The research has shown that despite a greater understanding of security requirements for the sector, there is still a shortfall when it comes to dealing with third parties and social media. With the increasing reliance upon social media, as well as outsourcing and money saving within organisations, security can often take a back seat. This simply should not be the case.
So what should public sector organisations do when it comes to implementing information security strategies?
It is clear that public sector organisations are aware that failure to manage security can result in serious damage: not only to reputation, but also financially. Increasing staff awareness and training is one of the most cost effective ways of reducing the data loss risk and improving the organisation’s security posture.

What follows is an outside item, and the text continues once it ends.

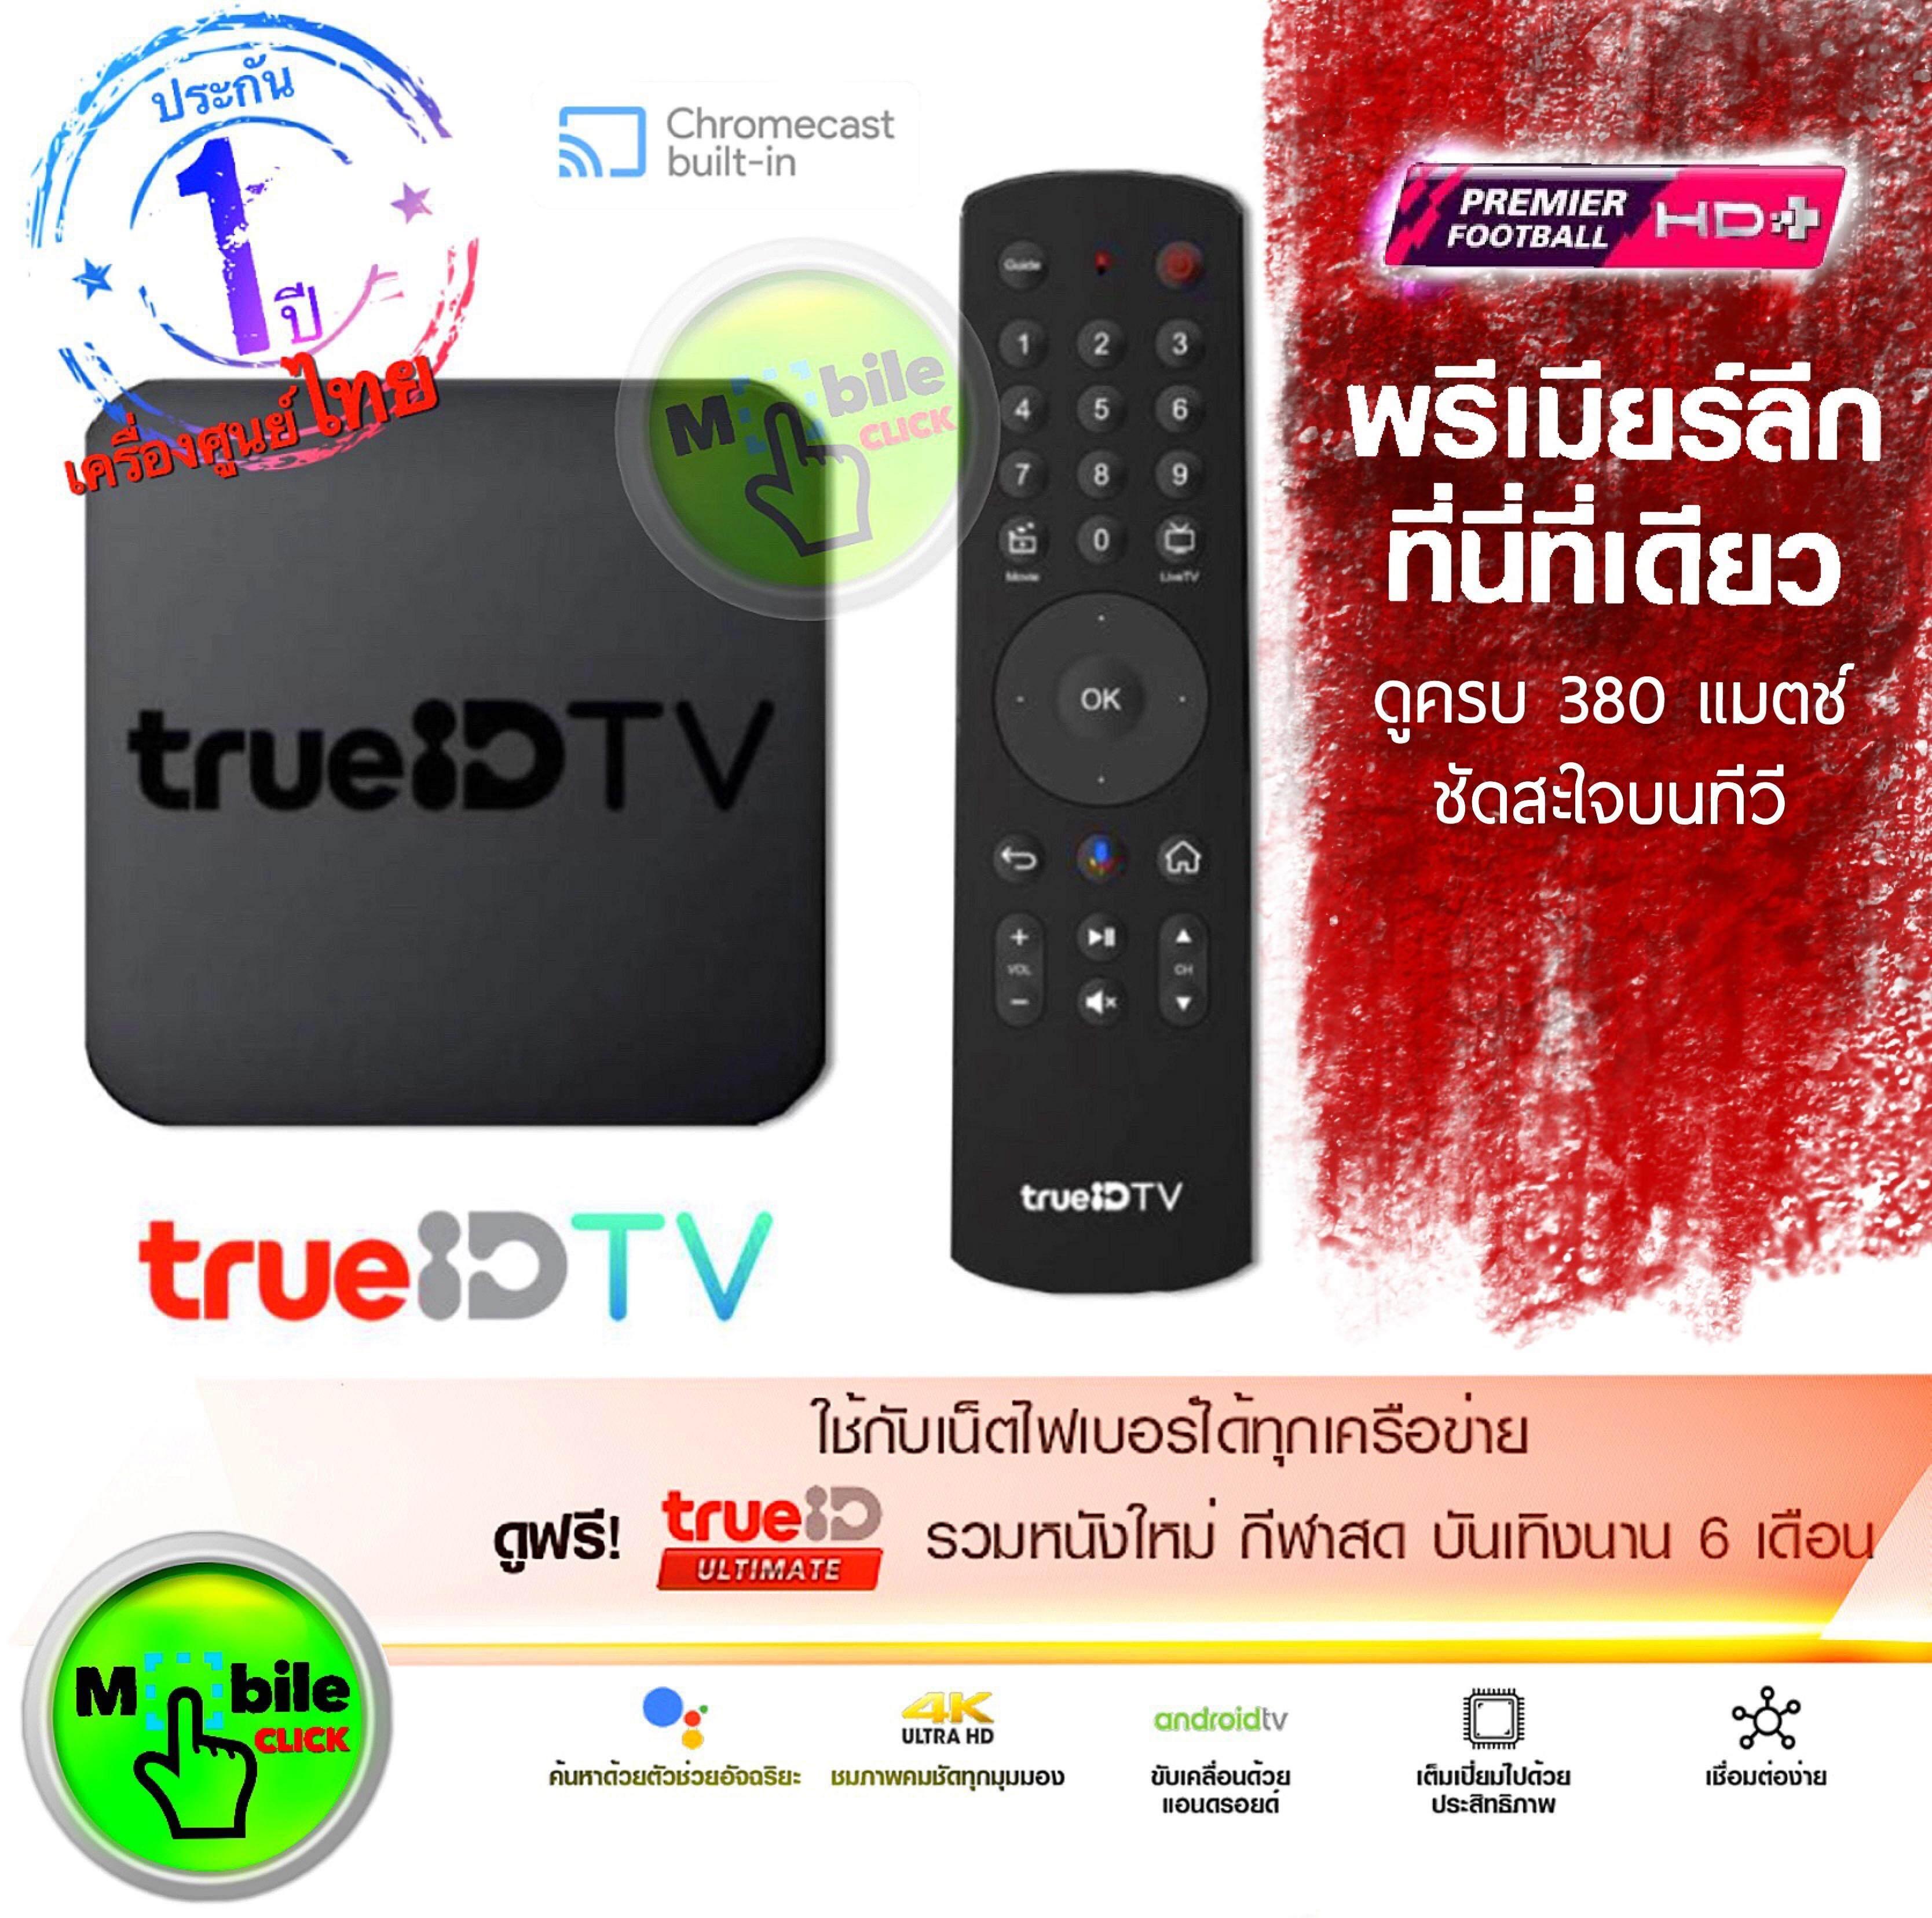 สอนใช้งาน  แม่ฮ่องสอน ดูบอลพรีเมียร์ ดูหนังด้วย กล่องทรูไอดี ทีวี(TrueID TV) สุดยอด Android TV Box
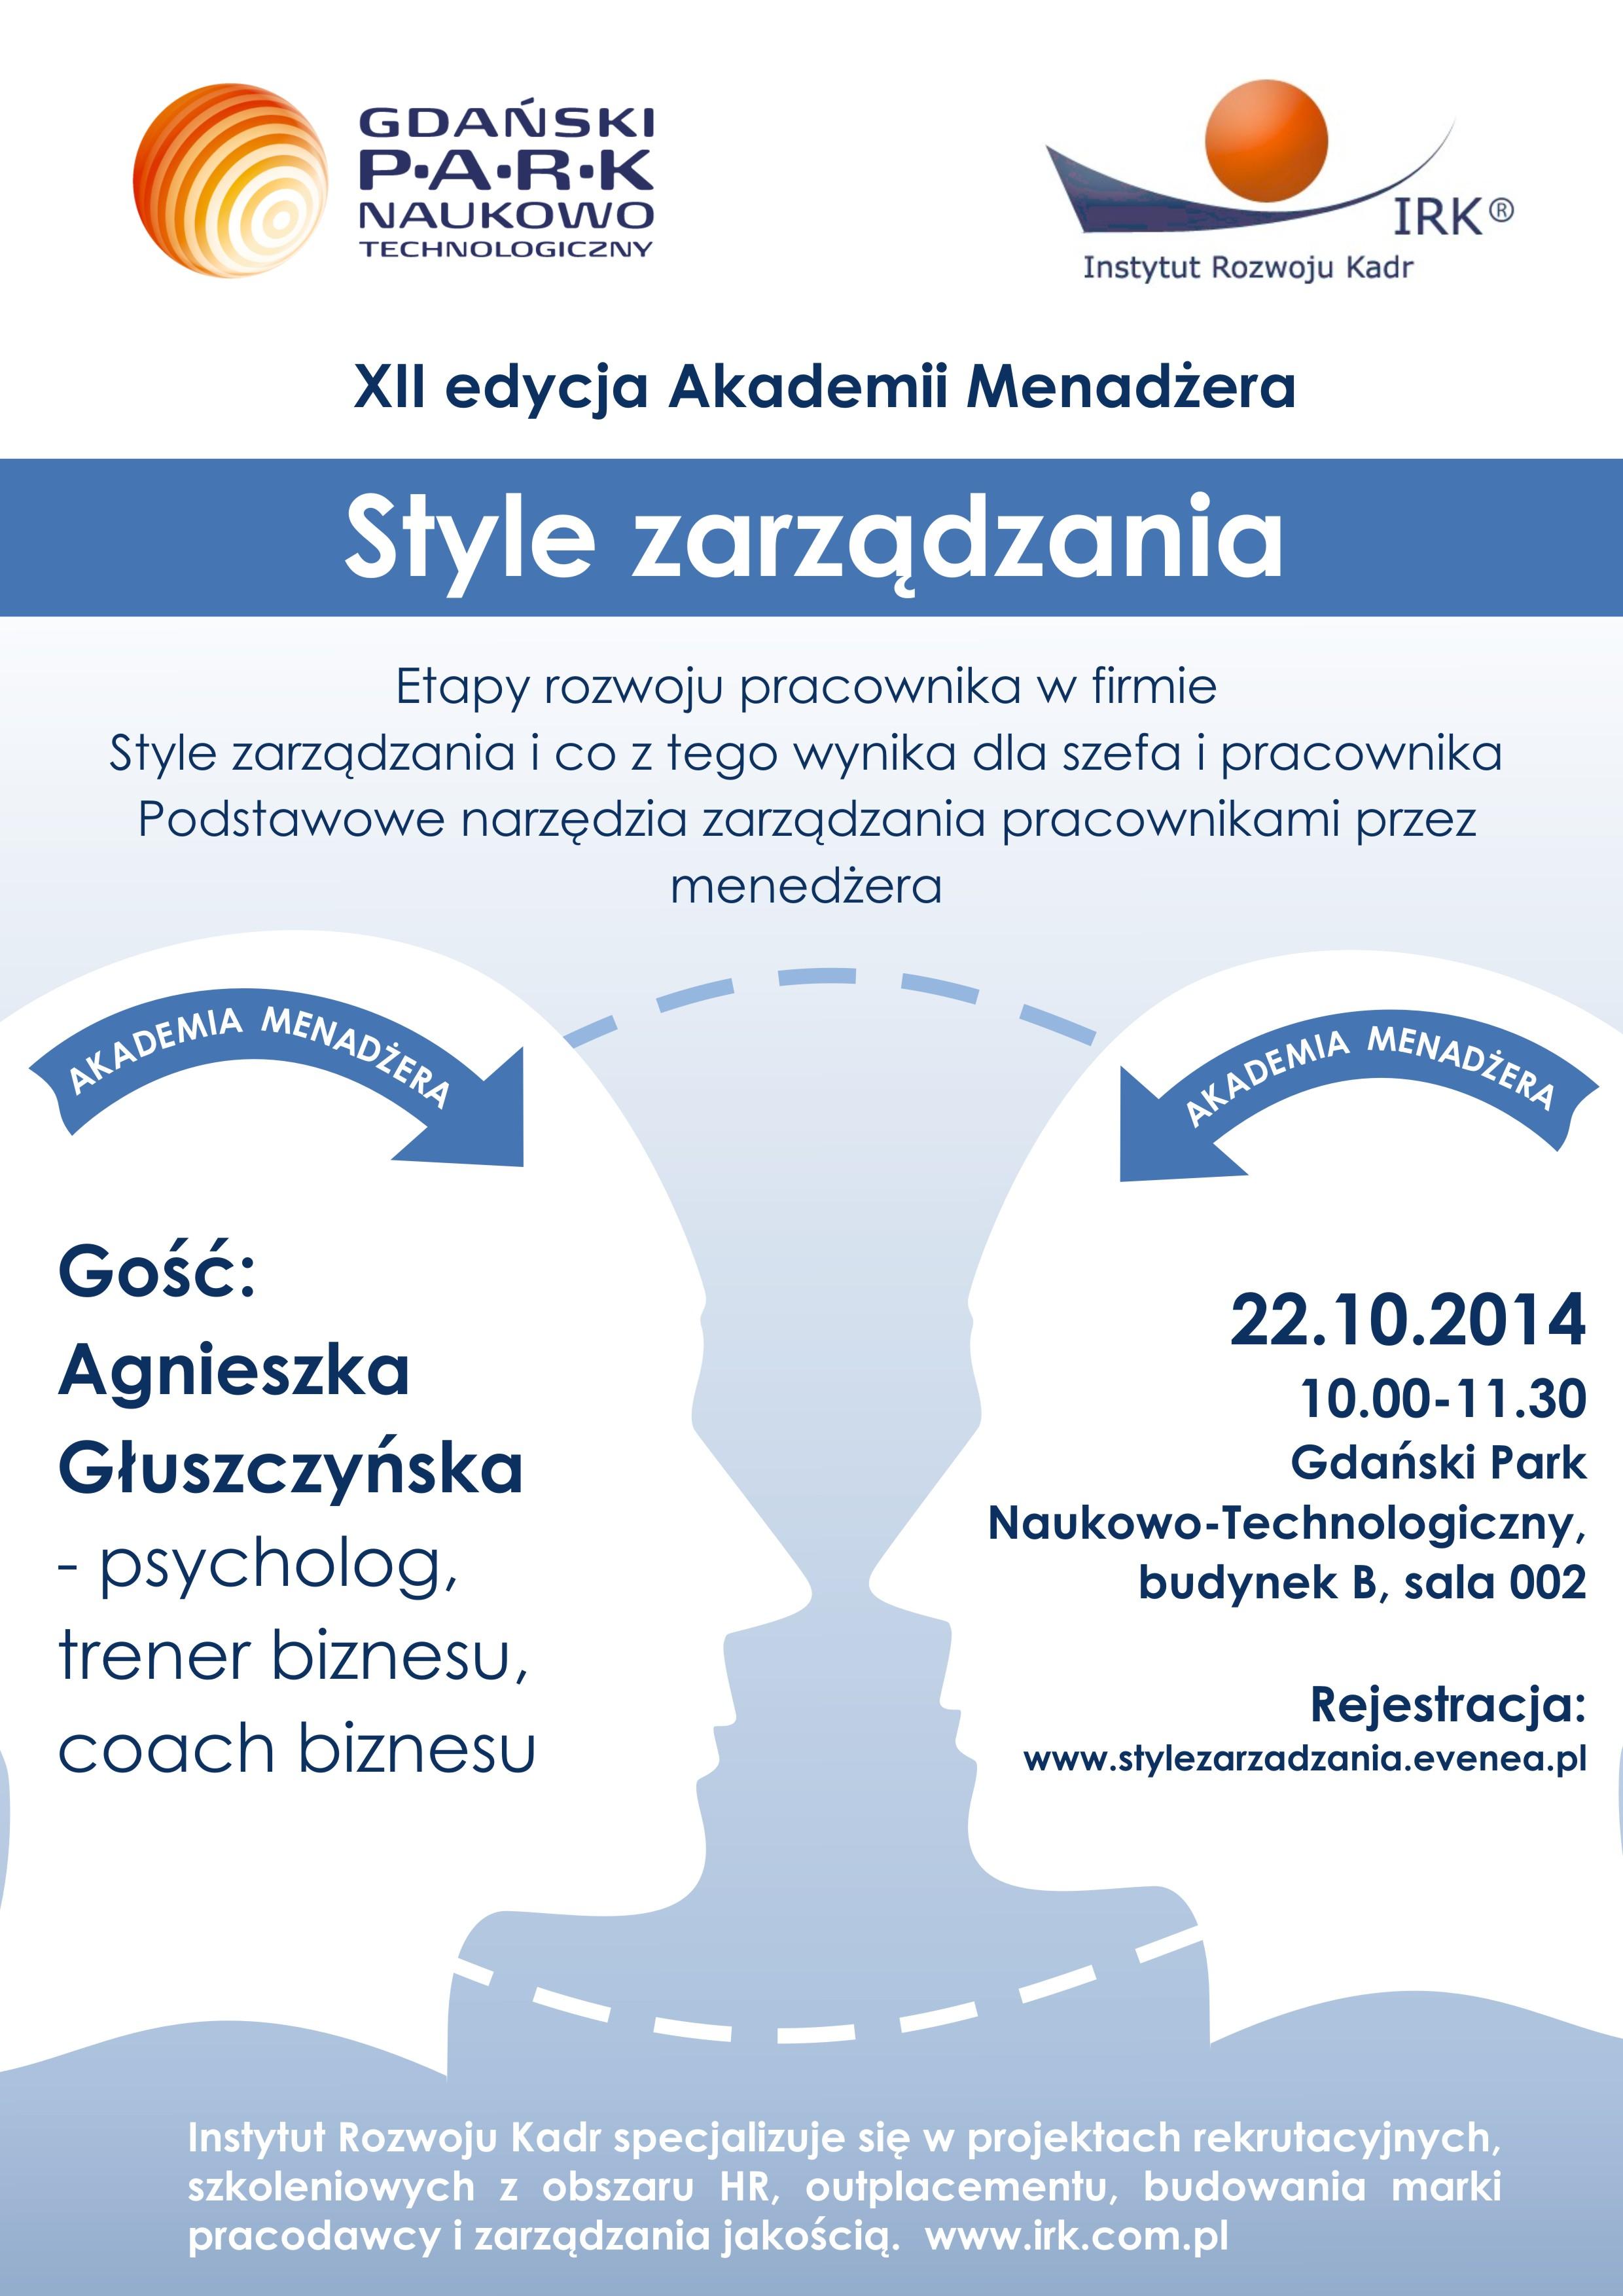 Style_zarządzania_Evenea_22.10.2014.jpg

Putting additional policies in place – especially those around data sharing with third parties and use of mobile devices (specifically BYOD) – without educating staff will simply fail to reap the desired results. Instead, education must take place at every level of the organisation, from the very top down – and outwards, too – to partners, suppliers, consultants, other third parties and even the ‘customer’ (citizen).
Last but not least, the research highlights an urgent requirement for improved information governance to track the information that’s created and shared. IT security is no longer focused solely on records sitting in a database – it’s about the diversity and fluidity of information, the communication channels and the social networks used to disseminate it.
New, and better, ways of working must be explored and developed. The path to robust information security in 2013 involves training, education and awareness, coupled with stringent, paper-based and technology policies, for both employers and employees alike.
Taken in its entirety, our research shows that the public sector has taken a large step in the right direction when it comes to matters of information security… But there is still work to do. Clearly, some public sector organisations are still not taking the risks seriously or understanding the consequences of not putting adequate measures in place. These are the ones we are likely to hear about in the future and most likely for all the wrong reasons.
Start today – review current security policies and identify gaps that have crept in because of new working practices such as those around BYOD and social networking use. Put an action plan together, with a timeline to fill the gaps. Communicate the new policies and make employees aware of the potential consequences relating to brand damage and legislative fines should they not be adhered to. Start building an information aware workforce who are fully aware of security issues and ways to ameliorate them.